RIO DE JANEIRO, RJ (FOLHAPRESS) – O Exército proibiu nesta sexta-feira (29) o acesso público à monografia escrita pelo general da reserva Mario Fernandes, personagem central na trama golpista apontada pela Polícia Federal, na conclusão de curso da Escola de Comando e Estado-Maior da Força (Eceme).
A reportagem esteve no local na manhã desta sexta para consultar a obra. A monografia “Comando de Operações de Unidades Especiais (COpUEsp): análise crítica”, defendida em 2002, chegou a ser entregue e consultada por cerca de 10 minutos. Contudo, a bibliotecária responsável comunicou ao repórter que a obra era sigilosa. Sem esclarecer o motivo da restrição de acesso, retirou o livro da mesa em que estava.
O trabalho de Fernandes estava na mesa do soldado que atendeu a reportagem ao chegar ao local. Segundo a bibliotecária, ele havia sido consultado na quinta-feira (28) por uma “pessoa interna”.

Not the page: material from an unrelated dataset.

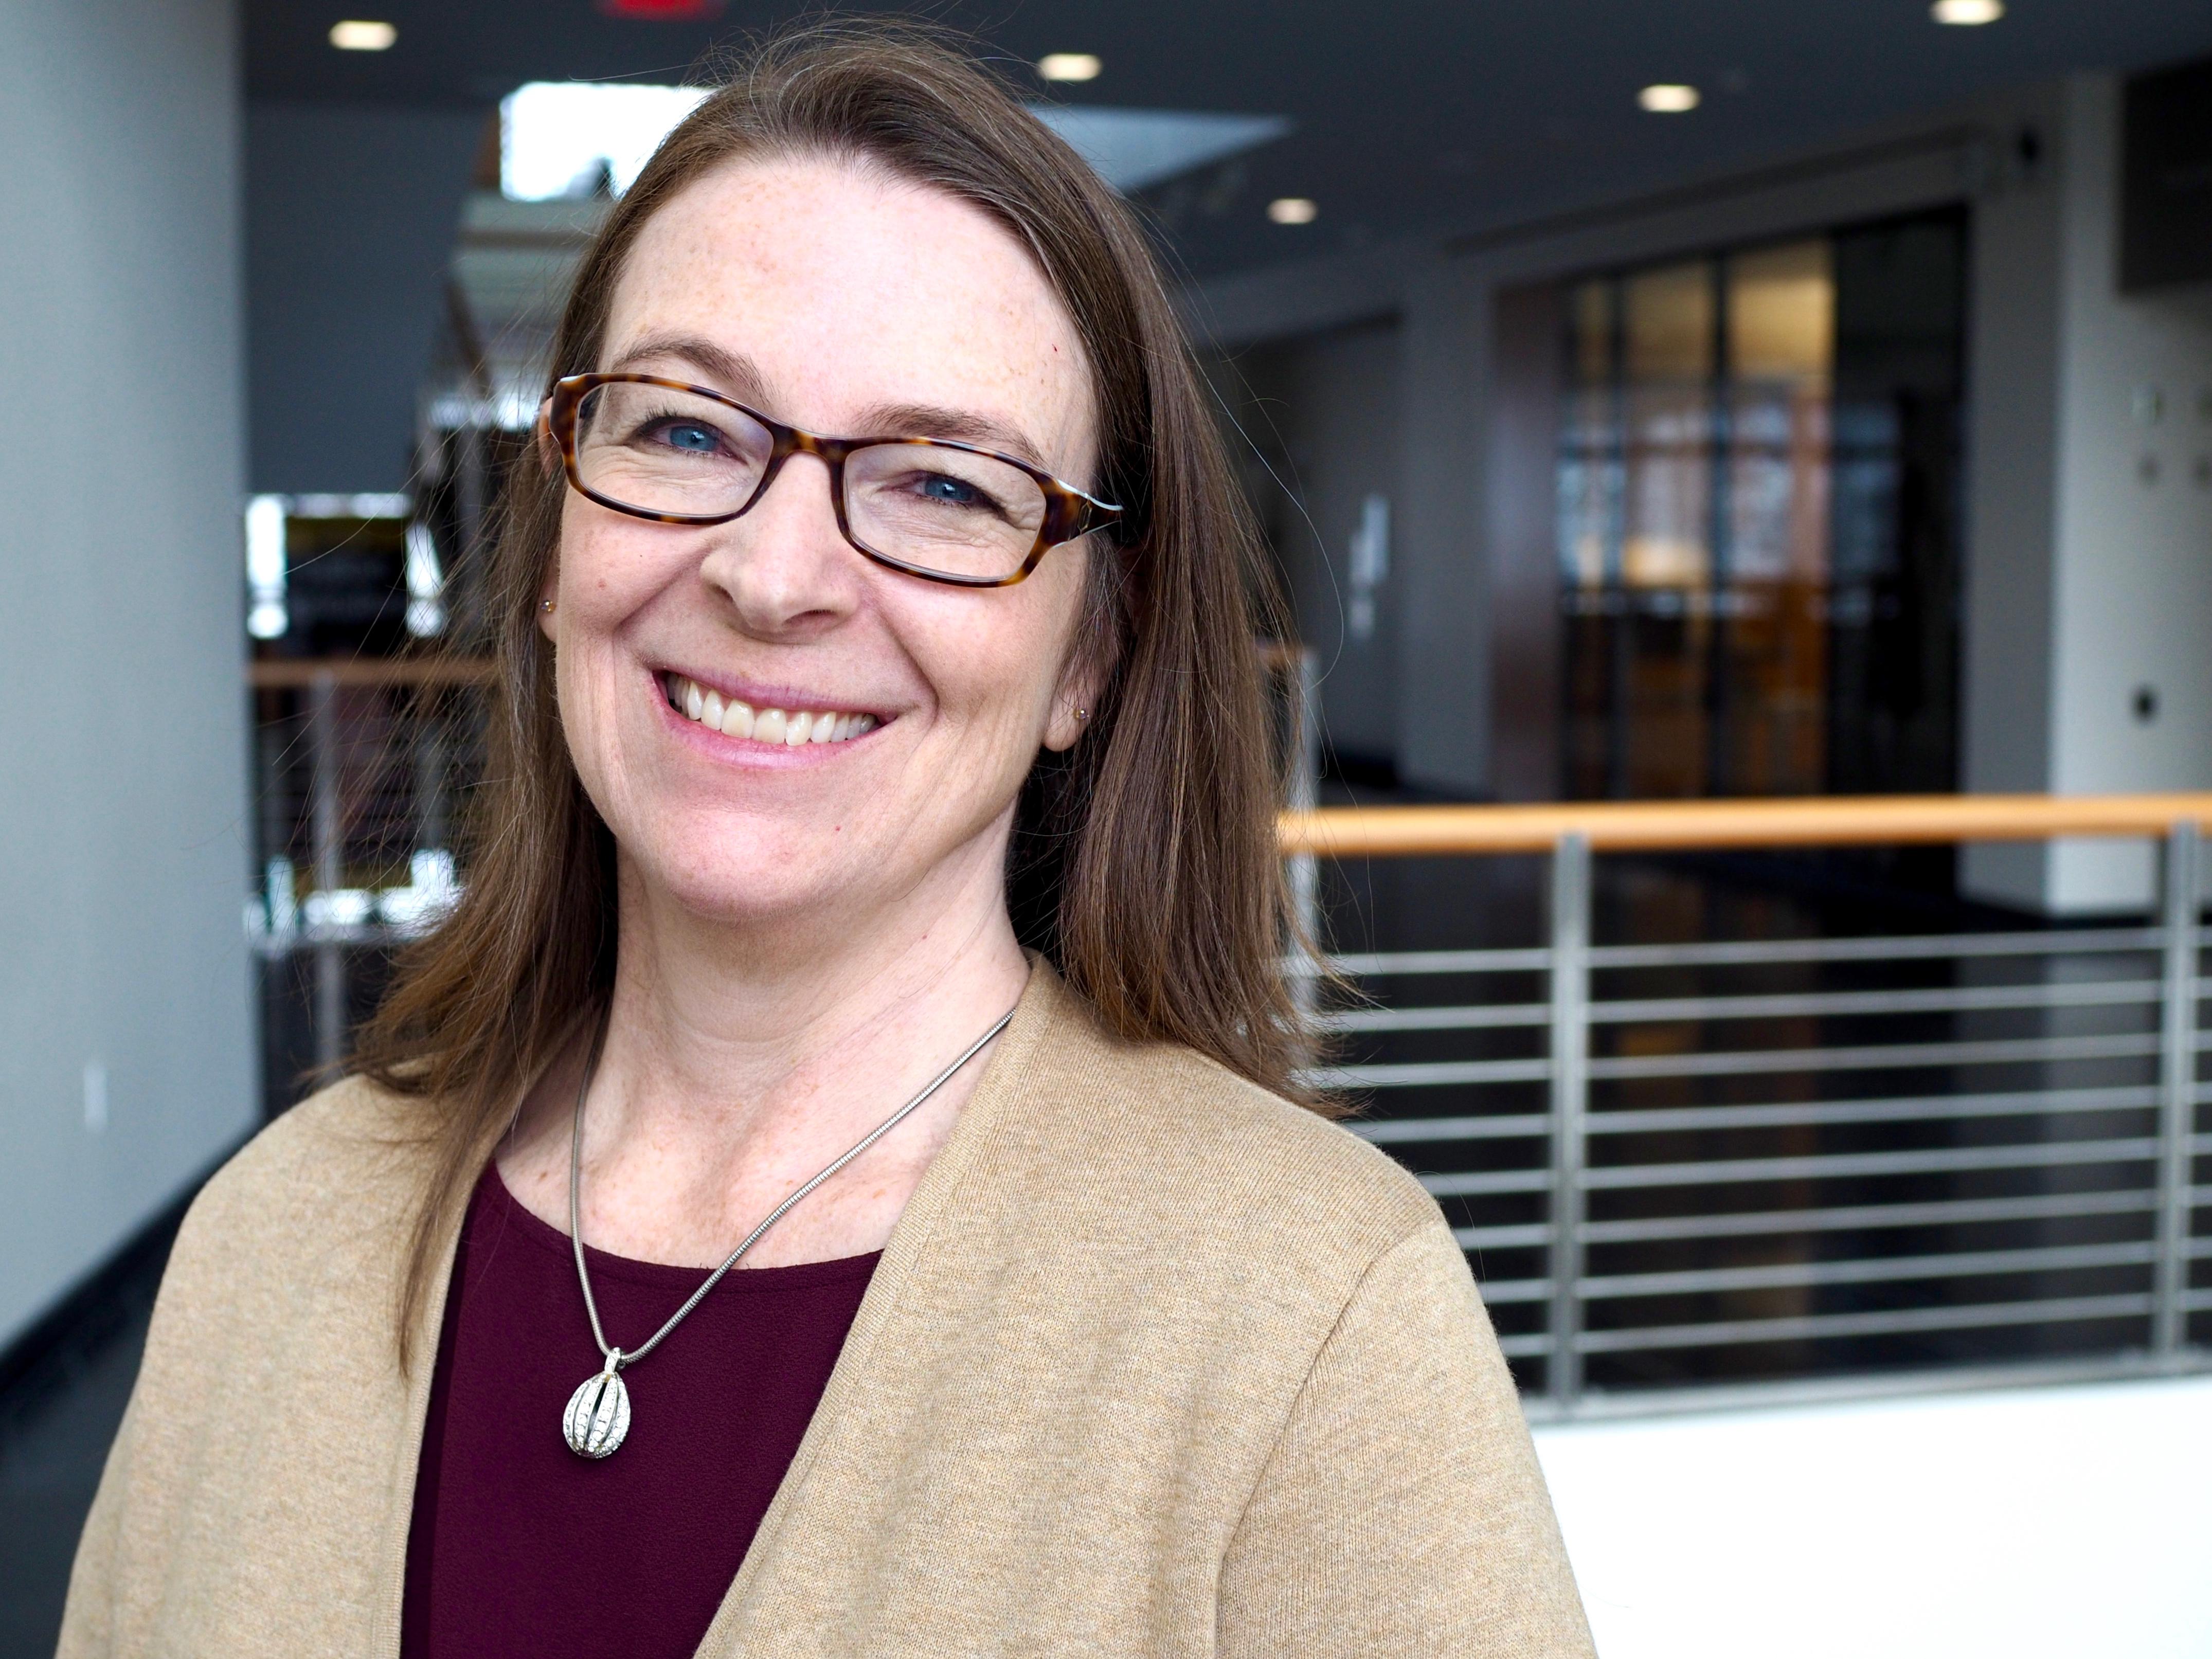 UI Professor Corinne Peek-Asa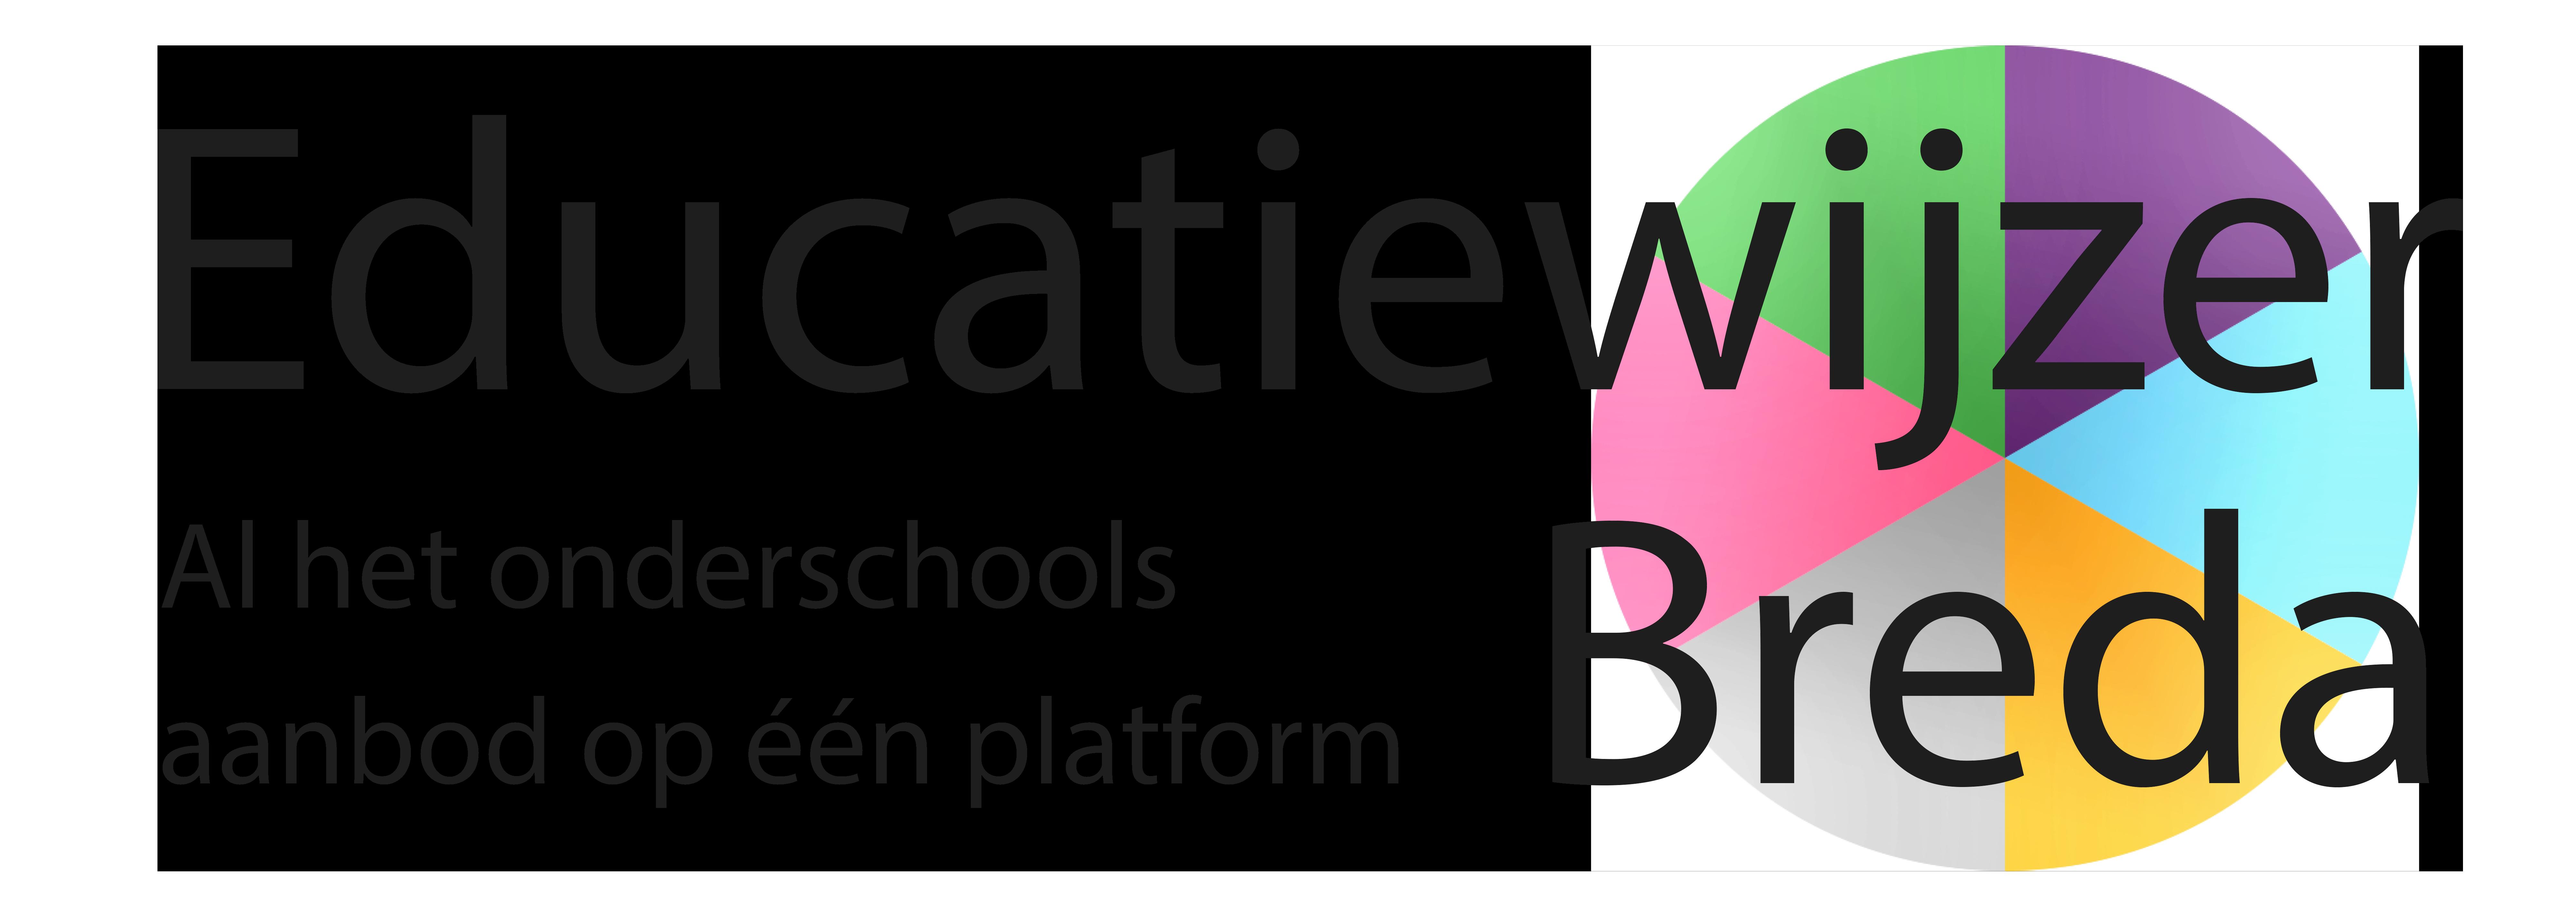 Logo Educatiewijzer Breda

Procurado, o Exército não se manifestou até a publicação desta reportagem sobre as razões do sigilo.
As monografias de conclusão de curso de anos mais recentes estão digitalizadas no site da Biblioteca do Exército. Reportagem da Folha de S.Paulo de segunda-feira (25) descreveu os trabalhos de outros três oficiais presos pela PF que frequentaram a escola entre 2017 e 2024.
O general da reserva integra a lista de 37 indiciados pela PF sob suspeita de atuar na trama golpista no final do governo Jair Bolsonaro (PL). O relatório final das investigações foi enviado à PGR (Procuradoria-Geral da República), a quem cabe agora decidir se arquiva o caso, pede mais investigações ou denuncia os suspeitos à Justiça.
De acordo com as investigações, o oficial era um dos maiores incentivadores da trama golpista, tendo inclusive escrito uma carta ao então comandante do Exército, general Freire Gomes, o instigando a aderir à movimentação.
Ele está em prisão preventiva desde o dia 19. A defesa do militar, feita pelo advogado Raul Livino, diz que só se manifestará após se encontrar com ele no presídio, na próxima semana, no Rio de Janeiro.
O trabalho de Mario Fernandes versa sobre uma análise crítica do COpUEsp, comparando com estruturas semelhantes em outros Exército do mundo. Ele também encerra o estudo com uma proposta de organograma para o Comando que viria a dirigir em 2018 -já com o nome de Comando de Operações Especiais.
“No Brasil, em que pese o estado embrionário em que se encontram as unidades especiais, as autoridades militares já sentiram a importância de suas Forças Especiais nos campos social, econômico, político e militar do país, de modo a priorizarem seu adestramento e equipagem”, afirma o general no texto.
“O Comando de Operações de Unidades Especiais, comando enquadrante dessas unidades, no entanto, ainda não é uma realidade, tornando-se primordial o conhecimento e o entendimento das ideias motivadoras de sua criação, bem como as vantagens e desvantagens de sua concepção.”
O trabalho foi concluído quando Mario Fernandes era major. Ele dedica agradecimento especial ao general Luiz Eduardo Ramos, ex-ministro de Bolsonaro de quem foi número dois na Secretaria-Geral da Presidência, “cuja liderança e exemplo profissional foram fontes de inspiração para esse trabalho”.
Também cita o general Cesar Augusto Nardi de Souza, membro do Alto Comando do Exército até 2021 e integrante da banca de avaliação.
Mario Fernandes integrou o 1º Batalhão de Forças Especiais entre 1988 e 1993 e o comandou em 2008, unidade dos chamados “kids pretos”, designação popular da tropa em razão dos gorros pretos usados por seus integrantes. A especialidade está no centro da investigação da PF sobre organização criminosa que atuou durante o governo Bolsonaro, segundo a PF.
Criada em 1905 como Escola de Estado Maior, com sede no bairro da Urca, zona sul do Rio de Janeiro, a Eceme é a mais alta e prestigiada escola do Exército. Destina-se a formar oficiais superiores para funções de estado-maior, comando e outras privativas de alto escalão.
Na década passada, teve reconhecidos mestrado acadêmico e doutorado, abertos a civis, pela Capes (Coordenação de Aperfeiçoamento de Pessoal de Nível Superior), que supervisiona o ensino de pós-graduação no país.